## Problem to work on:
Beneath this task are records; print exactly the stretch of them from the line with "Munich, Germany. 2nd" through the line with "Link scales a", both ends included.

## Supplied information:
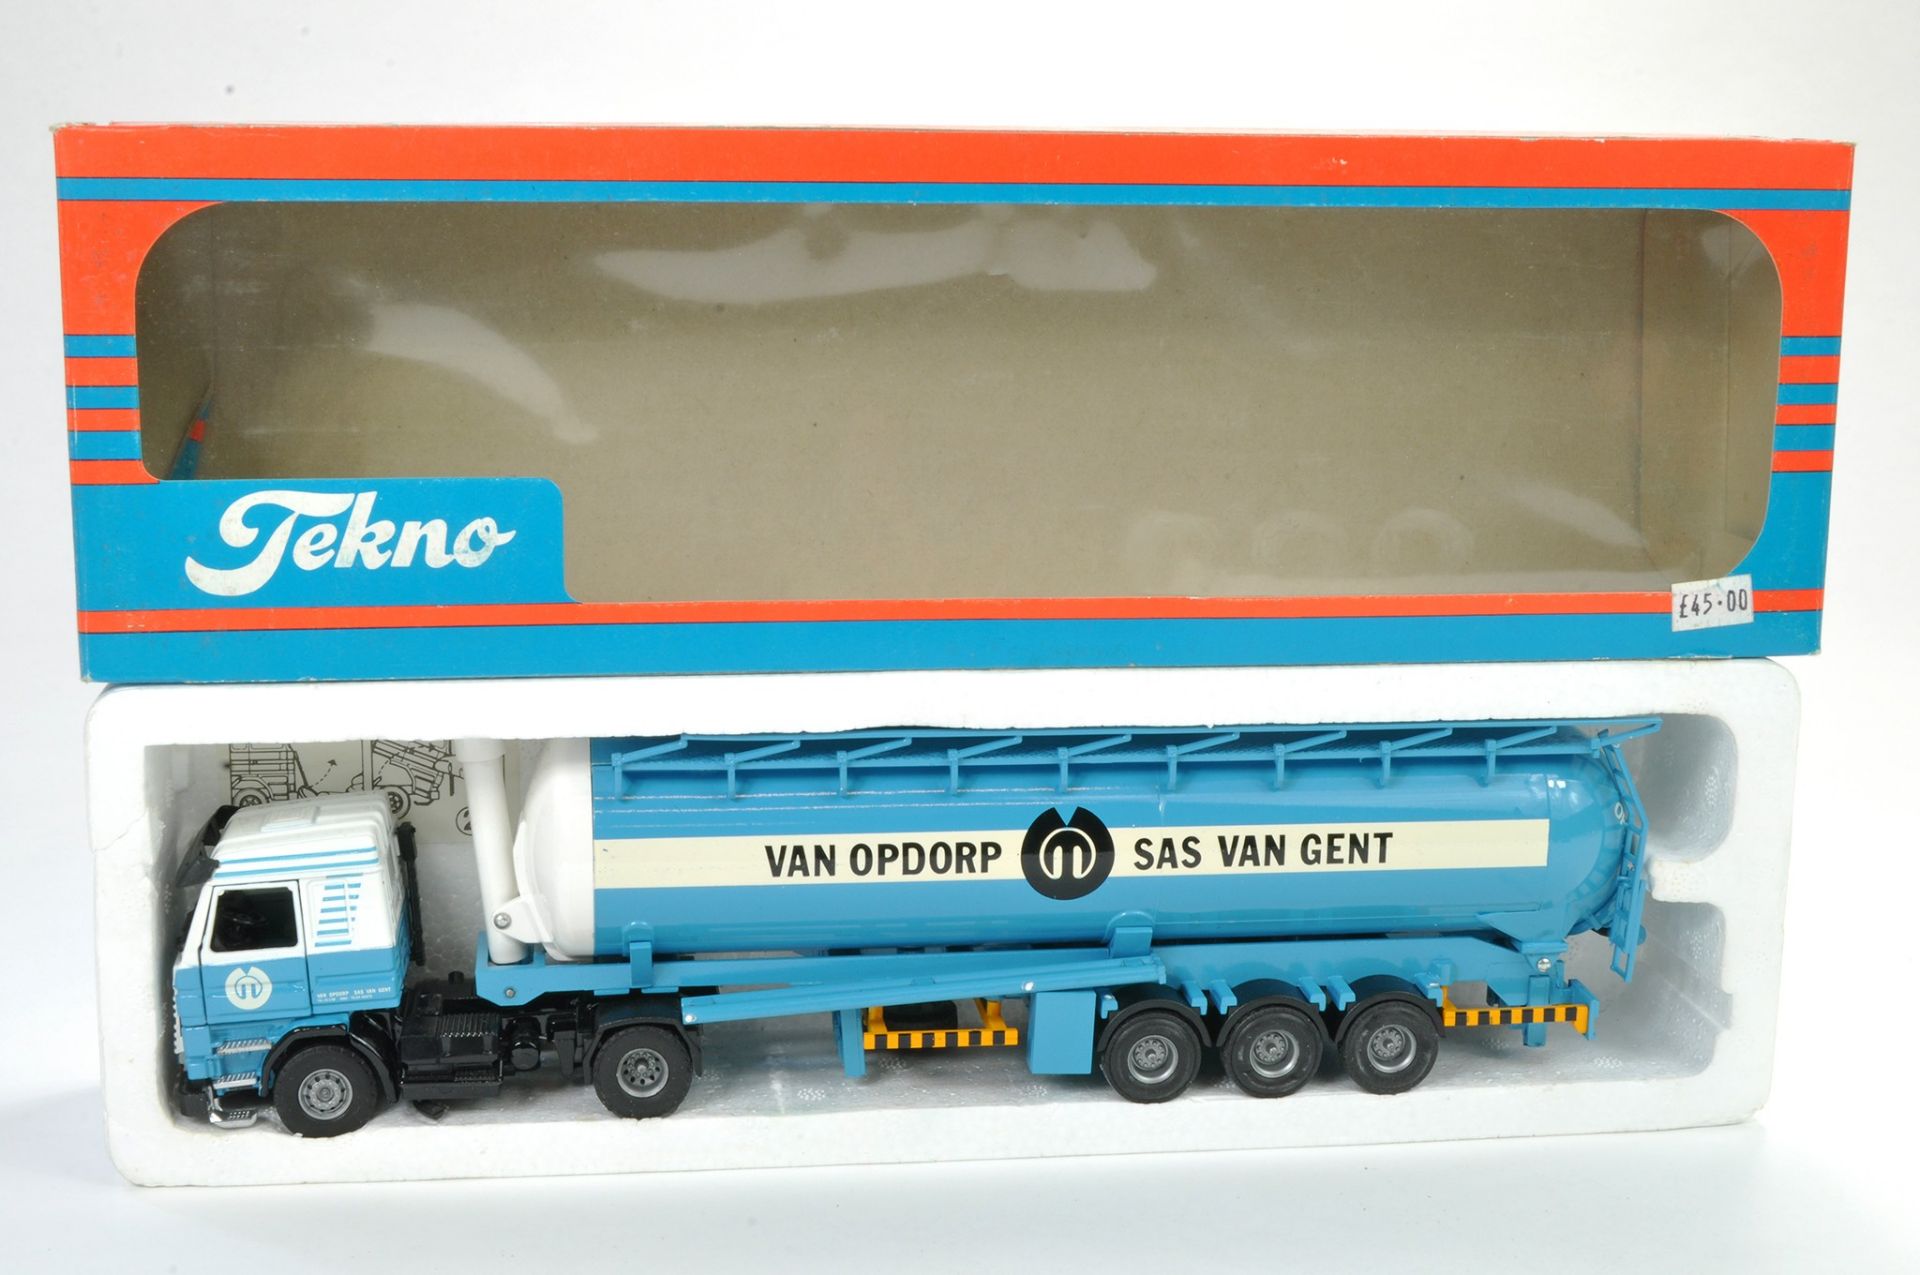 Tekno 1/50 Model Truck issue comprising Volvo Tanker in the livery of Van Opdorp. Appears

--

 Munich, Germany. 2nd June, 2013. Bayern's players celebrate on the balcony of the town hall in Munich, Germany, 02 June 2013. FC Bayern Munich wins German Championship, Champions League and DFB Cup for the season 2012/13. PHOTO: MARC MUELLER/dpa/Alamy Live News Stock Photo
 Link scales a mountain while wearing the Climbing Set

## Exercise answer:
 Munich, Germany. 2nd June, 2013. Bayern's players celebrate on the balcony of the town hall in Munich, Germany, 02 June 2013. FC Bayern Munich wins German Championship, Champions League and DFB Cup for the season 2012/13. PHOTO: MARC MUELLER/dpa/Alamy Live News Stock Photo
 Link scales a mountain while wearing the Climbing Set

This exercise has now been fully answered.